The current implementation of the LXC technology deals nicely with an issue of starting the privileged containers upon system start.. Users of the unprivileged containers (which arguably promise better security) don't get any working out-of-the-box solution for autostarting their containers.
I know of two ways of achieving this goal. I need to decide which one to take (or maybe there is another?)
Both methods require that the lxc.start.auto 1 be set in the configuration file.
Transforming an existing privileged container
In short one must grant range of subuids to root and chmod o+x permission to /var/lib/lxc.
Invoking unprivileged container via a custom upstart job
The lxc-autostart command invoked by the owner of the unprivileged containers (without the sudo) starts all the unprivileged auto-start containers.
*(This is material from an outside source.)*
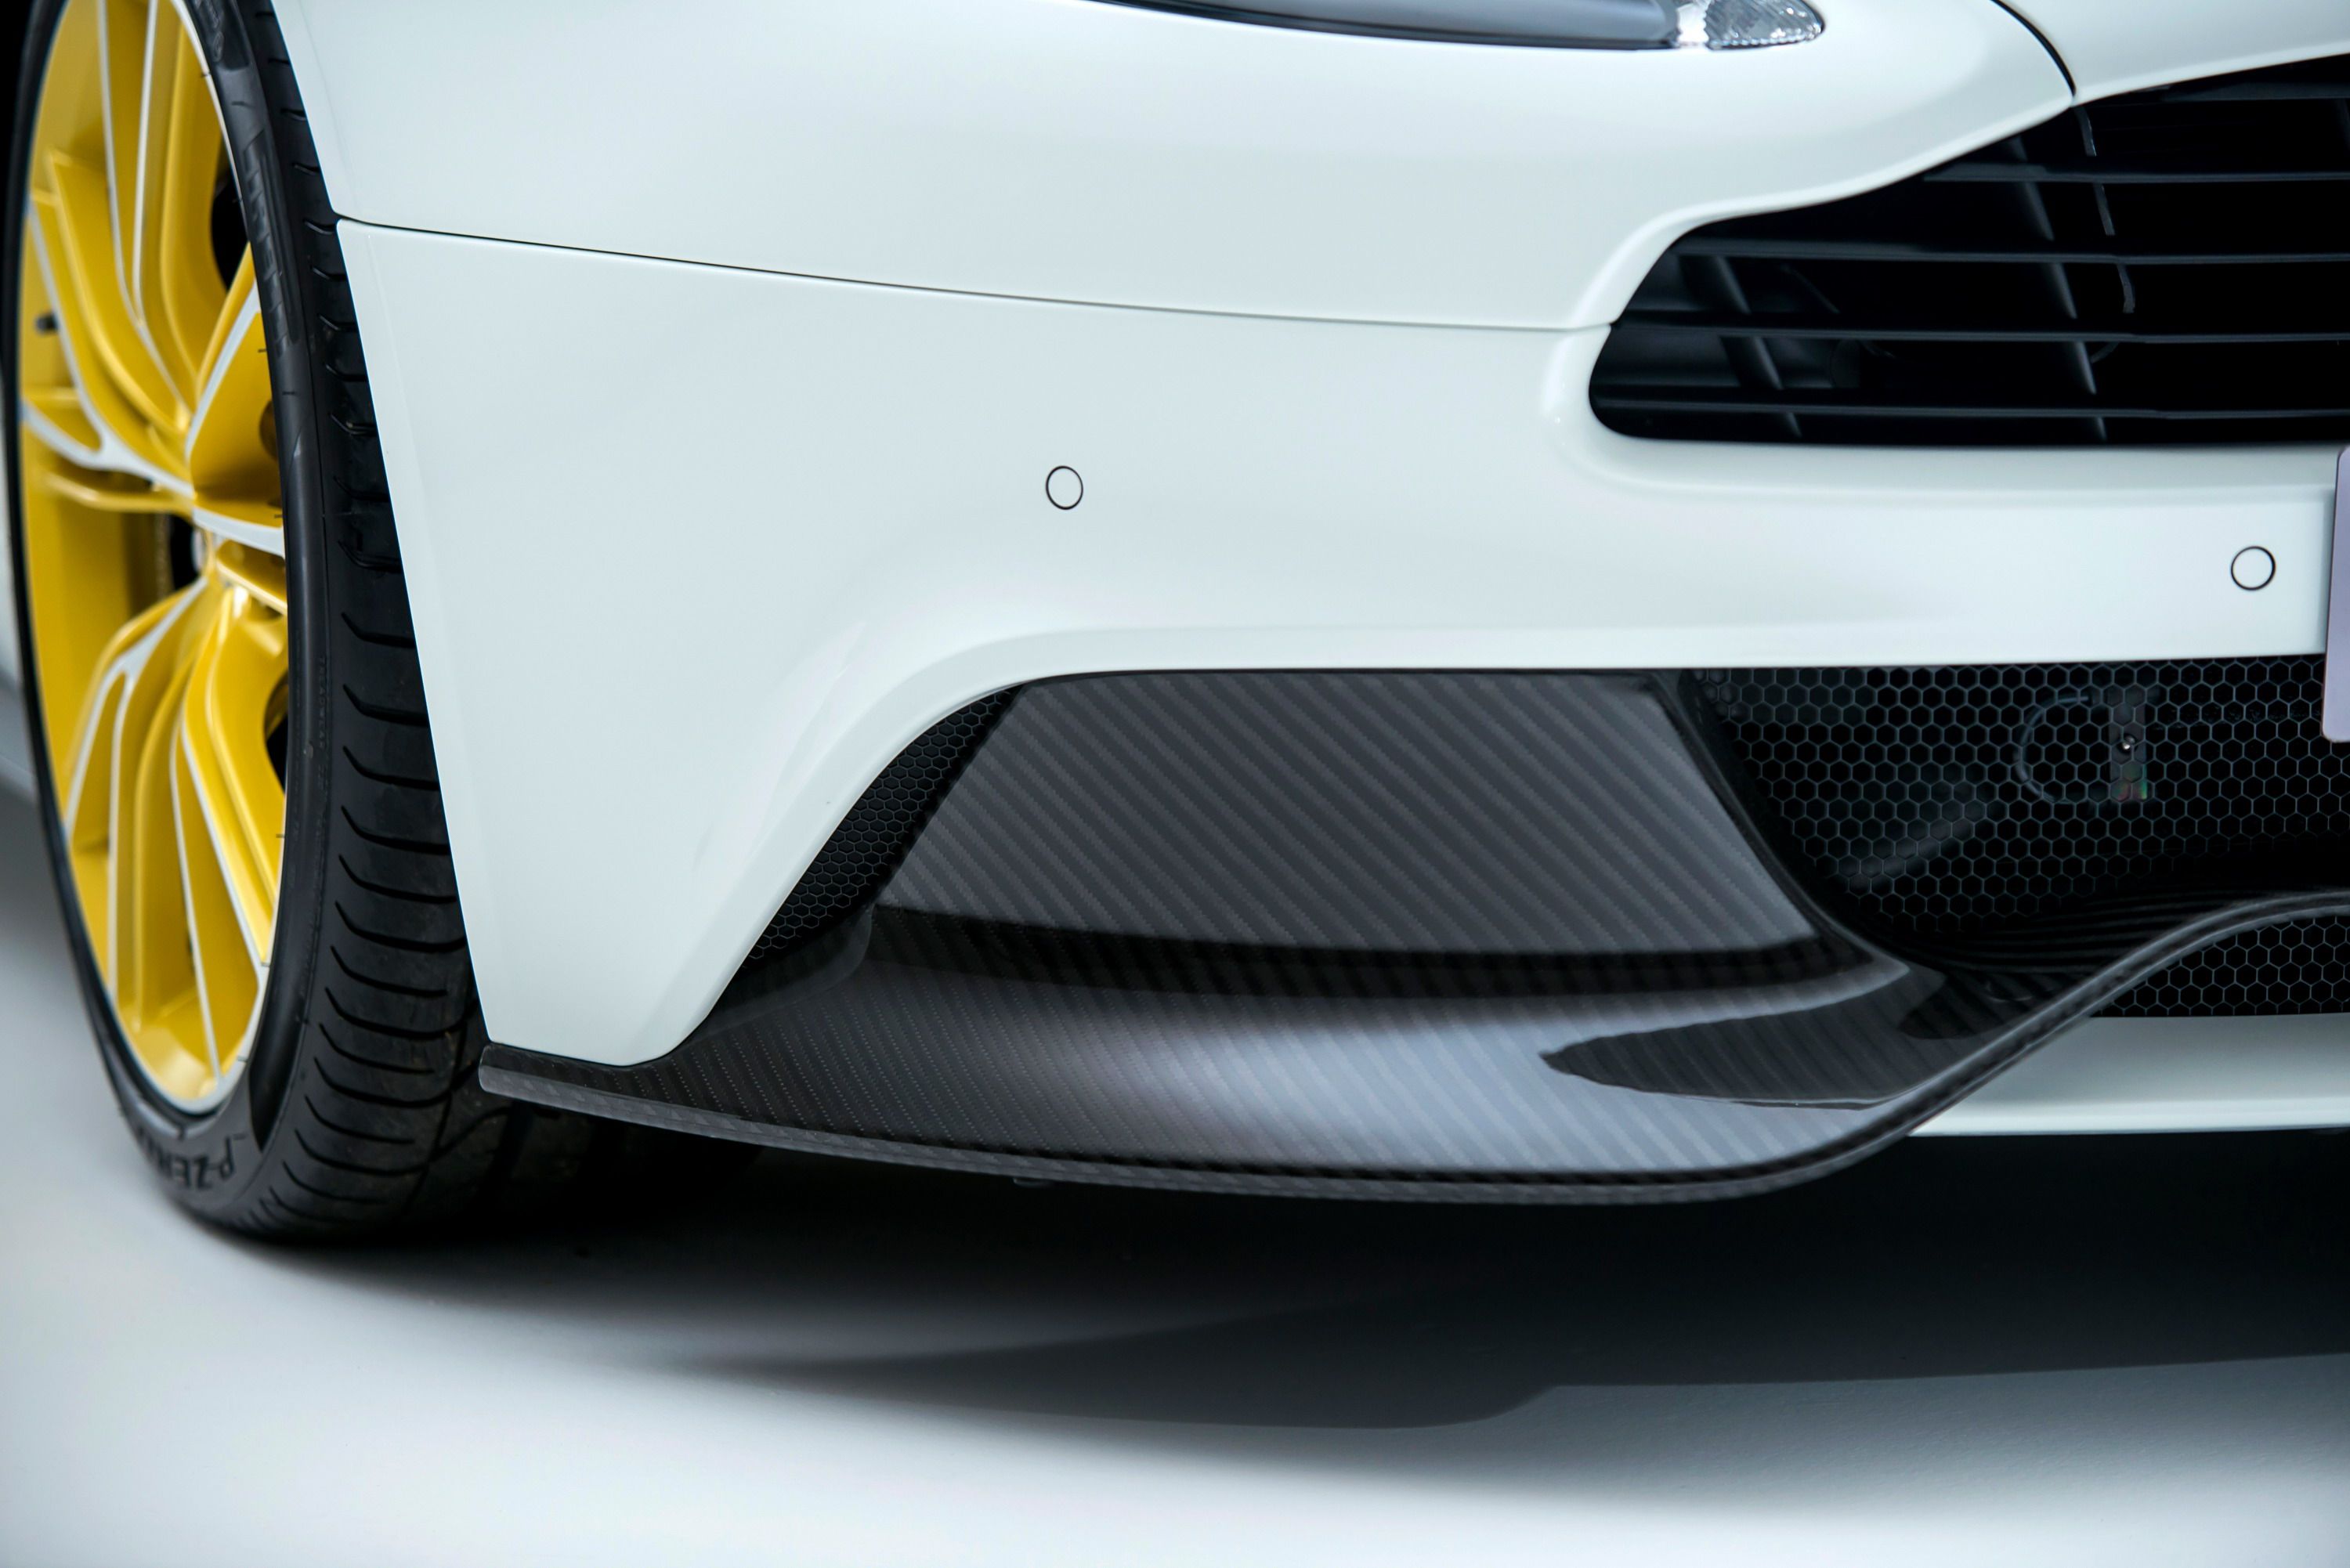 2015 Aston Martin Works 60th Anniversary Limited Edition Vanquish

The problem is only with how to run it during system startup.
This is tough, because any form of sudo -u <lxc-user> -- lxc-autostart nor su -l <lxc-user> -c lxc-autostart wouldn't work - I guess they don't handle ranges of subuid well. The only way to get root autostarting user's containers is through ridiculously complex ssh <lxc-user>@localhost lxc-autostart. I haven't tried the EDIT: My intuition was right. Setting the setgid and setuid stanzas yet (something tells me, it wouldn't work either). setgid and setuid in upstart script doesn't help either.